For the listing below, print exactly the lines from the line with "EEK C, Pendelleuchte" to the line with "cencom siren wiring diagram wiring diagram", both included, and nothing beyond them.
**** SUPPLIED DATA
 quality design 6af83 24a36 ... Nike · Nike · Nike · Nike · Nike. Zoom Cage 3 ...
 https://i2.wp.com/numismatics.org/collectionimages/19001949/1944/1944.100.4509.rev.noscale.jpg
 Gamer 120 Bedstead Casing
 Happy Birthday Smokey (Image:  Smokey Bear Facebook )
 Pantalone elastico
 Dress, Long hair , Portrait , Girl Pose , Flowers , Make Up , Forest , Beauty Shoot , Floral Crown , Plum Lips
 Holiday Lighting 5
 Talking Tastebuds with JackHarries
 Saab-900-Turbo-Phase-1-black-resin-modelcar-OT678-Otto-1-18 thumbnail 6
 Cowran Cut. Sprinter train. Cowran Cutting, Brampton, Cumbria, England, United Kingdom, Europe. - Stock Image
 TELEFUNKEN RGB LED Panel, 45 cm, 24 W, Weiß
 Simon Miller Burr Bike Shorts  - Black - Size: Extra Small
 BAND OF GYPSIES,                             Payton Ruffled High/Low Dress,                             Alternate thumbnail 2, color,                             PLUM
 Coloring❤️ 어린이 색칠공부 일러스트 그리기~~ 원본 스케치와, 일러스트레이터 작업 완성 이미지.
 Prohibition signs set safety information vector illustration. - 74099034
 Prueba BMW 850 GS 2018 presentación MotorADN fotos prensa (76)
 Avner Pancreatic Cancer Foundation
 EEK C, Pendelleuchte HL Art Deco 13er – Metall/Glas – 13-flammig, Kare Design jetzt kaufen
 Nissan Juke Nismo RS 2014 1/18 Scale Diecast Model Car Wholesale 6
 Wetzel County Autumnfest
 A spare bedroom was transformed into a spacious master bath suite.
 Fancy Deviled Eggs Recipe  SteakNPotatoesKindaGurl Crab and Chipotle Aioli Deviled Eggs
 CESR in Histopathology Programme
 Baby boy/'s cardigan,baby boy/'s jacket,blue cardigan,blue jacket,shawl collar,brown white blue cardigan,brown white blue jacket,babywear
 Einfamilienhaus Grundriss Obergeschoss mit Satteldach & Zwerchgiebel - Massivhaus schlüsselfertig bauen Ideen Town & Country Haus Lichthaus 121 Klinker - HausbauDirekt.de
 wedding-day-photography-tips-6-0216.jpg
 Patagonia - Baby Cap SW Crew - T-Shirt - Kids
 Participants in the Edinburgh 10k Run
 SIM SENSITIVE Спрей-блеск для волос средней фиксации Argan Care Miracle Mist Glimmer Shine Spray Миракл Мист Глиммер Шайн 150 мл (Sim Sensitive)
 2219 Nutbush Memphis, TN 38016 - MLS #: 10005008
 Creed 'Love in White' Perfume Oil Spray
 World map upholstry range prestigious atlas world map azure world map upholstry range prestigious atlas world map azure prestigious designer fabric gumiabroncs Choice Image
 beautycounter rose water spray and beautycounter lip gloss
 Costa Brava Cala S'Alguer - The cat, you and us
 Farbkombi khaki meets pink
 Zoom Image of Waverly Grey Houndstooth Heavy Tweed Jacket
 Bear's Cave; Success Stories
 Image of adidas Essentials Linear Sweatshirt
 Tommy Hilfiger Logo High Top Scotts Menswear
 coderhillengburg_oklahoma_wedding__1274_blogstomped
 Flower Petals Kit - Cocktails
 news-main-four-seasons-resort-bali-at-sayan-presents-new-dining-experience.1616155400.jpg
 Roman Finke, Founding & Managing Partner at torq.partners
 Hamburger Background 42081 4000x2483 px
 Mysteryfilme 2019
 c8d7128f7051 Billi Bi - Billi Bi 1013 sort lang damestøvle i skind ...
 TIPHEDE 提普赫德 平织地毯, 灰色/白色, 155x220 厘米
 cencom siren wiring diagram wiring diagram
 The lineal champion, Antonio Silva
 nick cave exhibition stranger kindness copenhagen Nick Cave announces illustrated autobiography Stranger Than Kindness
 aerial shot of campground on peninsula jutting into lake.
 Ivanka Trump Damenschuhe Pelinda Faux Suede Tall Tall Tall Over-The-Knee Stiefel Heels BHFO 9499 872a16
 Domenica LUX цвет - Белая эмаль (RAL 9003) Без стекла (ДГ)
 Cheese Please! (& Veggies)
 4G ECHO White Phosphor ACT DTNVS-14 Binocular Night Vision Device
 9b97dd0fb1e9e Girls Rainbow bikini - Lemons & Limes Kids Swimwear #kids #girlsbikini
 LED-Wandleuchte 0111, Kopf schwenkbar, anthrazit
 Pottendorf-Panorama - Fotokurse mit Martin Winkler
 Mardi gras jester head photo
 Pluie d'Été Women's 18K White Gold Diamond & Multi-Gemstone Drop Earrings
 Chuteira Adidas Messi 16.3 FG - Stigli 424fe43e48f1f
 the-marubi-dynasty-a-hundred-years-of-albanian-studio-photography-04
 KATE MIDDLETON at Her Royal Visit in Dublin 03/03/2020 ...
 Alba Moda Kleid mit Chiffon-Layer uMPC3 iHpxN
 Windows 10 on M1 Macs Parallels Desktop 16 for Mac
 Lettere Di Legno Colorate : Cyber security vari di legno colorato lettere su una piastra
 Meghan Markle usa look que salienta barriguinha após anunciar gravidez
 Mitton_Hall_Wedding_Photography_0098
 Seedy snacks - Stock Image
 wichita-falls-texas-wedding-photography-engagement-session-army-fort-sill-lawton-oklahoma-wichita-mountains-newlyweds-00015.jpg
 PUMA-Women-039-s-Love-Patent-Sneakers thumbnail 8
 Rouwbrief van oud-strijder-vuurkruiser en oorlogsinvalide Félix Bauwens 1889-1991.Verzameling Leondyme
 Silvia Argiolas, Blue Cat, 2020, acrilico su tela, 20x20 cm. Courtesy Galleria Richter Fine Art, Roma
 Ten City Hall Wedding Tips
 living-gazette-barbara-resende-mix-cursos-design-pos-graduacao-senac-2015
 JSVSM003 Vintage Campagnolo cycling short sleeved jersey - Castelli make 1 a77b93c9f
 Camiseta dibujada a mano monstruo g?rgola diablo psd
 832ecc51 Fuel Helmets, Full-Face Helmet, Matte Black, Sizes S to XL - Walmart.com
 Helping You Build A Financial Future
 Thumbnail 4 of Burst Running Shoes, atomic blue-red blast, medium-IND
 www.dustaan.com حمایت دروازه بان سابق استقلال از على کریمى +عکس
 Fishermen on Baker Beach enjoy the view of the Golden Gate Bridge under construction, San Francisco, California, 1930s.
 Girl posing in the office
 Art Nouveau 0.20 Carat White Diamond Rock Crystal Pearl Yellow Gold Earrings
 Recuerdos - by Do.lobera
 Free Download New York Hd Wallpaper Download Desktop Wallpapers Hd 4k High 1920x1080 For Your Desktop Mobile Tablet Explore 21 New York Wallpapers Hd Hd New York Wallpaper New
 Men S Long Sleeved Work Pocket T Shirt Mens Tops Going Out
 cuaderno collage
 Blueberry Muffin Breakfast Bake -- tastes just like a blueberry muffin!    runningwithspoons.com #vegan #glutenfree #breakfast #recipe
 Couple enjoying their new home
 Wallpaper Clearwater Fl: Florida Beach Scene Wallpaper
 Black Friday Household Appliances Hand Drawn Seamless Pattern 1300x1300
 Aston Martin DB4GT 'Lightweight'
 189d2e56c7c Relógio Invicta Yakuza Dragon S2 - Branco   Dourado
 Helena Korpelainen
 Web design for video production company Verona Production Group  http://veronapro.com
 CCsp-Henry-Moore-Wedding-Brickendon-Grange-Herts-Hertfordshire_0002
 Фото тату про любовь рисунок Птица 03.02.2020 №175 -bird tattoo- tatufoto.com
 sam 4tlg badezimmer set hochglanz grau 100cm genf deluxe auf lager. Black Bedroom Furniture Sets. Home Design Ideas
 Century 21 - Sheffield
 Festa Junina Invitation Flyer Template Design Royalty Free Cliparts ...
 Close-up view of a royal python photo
********
# COMPLETED TASK
 EEK C, Pendelleuchte HL Art Deco 13er – Metall/Glas – 13-flammig, Kare Design jetzt kaufen
 Nissan Juke Nismo RS 2014 1/18 Scale Diecast Model Car Wholesale 6
 Wetzel County Autumnfest
 A spare bedroom was transformed into a spacious master bath suite.
 Fancy Deviled Eggs Recipe  SteakNPotatoesKindaGurl Crab and Chipotle Aioli Deviled Eggs
 CESR in Histopathology Programme
 Baby boy/'s cardigan,baby boy/'s jacket,blue cardigan,blue jacket,shawl collar,brown white blue cardigan,brown white blue jacket,babywear
 Einfamilienhaus Grundriss Obergeschoss mit Satteldach & Zwerchgiebel - Massivhaus schlüsselfertig bauen Ideen Town & Country Haus Lichthaus 121 Klinker - HausbauDirekt.de
 wedding-day-photography-tips-6-0216.jpg
 Patagonia - Baby Cap SW Crew - T-Shirt - Kids
 Participants in the Edinburgh 10k Run
 SIM SENSITIVE Спрей-блеск для волос средней фиксации Argan Care Miracle Mist Glimmer Shine Spray Миракл Мист Глиммер Шайн 150 мл (Sim Sensitive)
 2219 Nutbush Memphis, TN 38016 - MLS #: 10005008
 Creed 'Love in White' Perfume Oil Spray
 World map upholstry range prestigious atlas world map azure world map upholstry range prestigious atlas world map azure prestigious designer fabric gumiabroncs Choice Image
 beautycounter rose water spray and beautycounter lip gloss
 Costa Brava Cala S'Alguer - The cat, you and us
 Farbkombi khaki meets pink
 Zoom Image of Waverly Grey Houndstooth Heavy Tweed Jacket
 Bear's Cave; Success Stories
 Image of adidas Essentials Linear Sweatshirt
 Tommy Hilfiger Logo High Top Scotts Menswear
 coderhillengburg_oklahoma_wedding__1274_blogstomped
 Flower Petals Kit - Cocktails
 news-main-four-seasons-resort-bali-at-sayan-presents-new-dining-experience.1616155400.jpg
 Roman Finke, Founding & Managing Partner at torq.partners
 Hamburger Background 42081 4000x2483 px
 Mysteryfilme 2019
 c8d7128f7051 Billi Bi - Billi Bi 1013 sort lang damestøvle i skind ...
 TIPHEDE 提普赫德 平织地毯, 灰色/白色, 155x220 厘米
 cencom siren wiring diagram wiring diagram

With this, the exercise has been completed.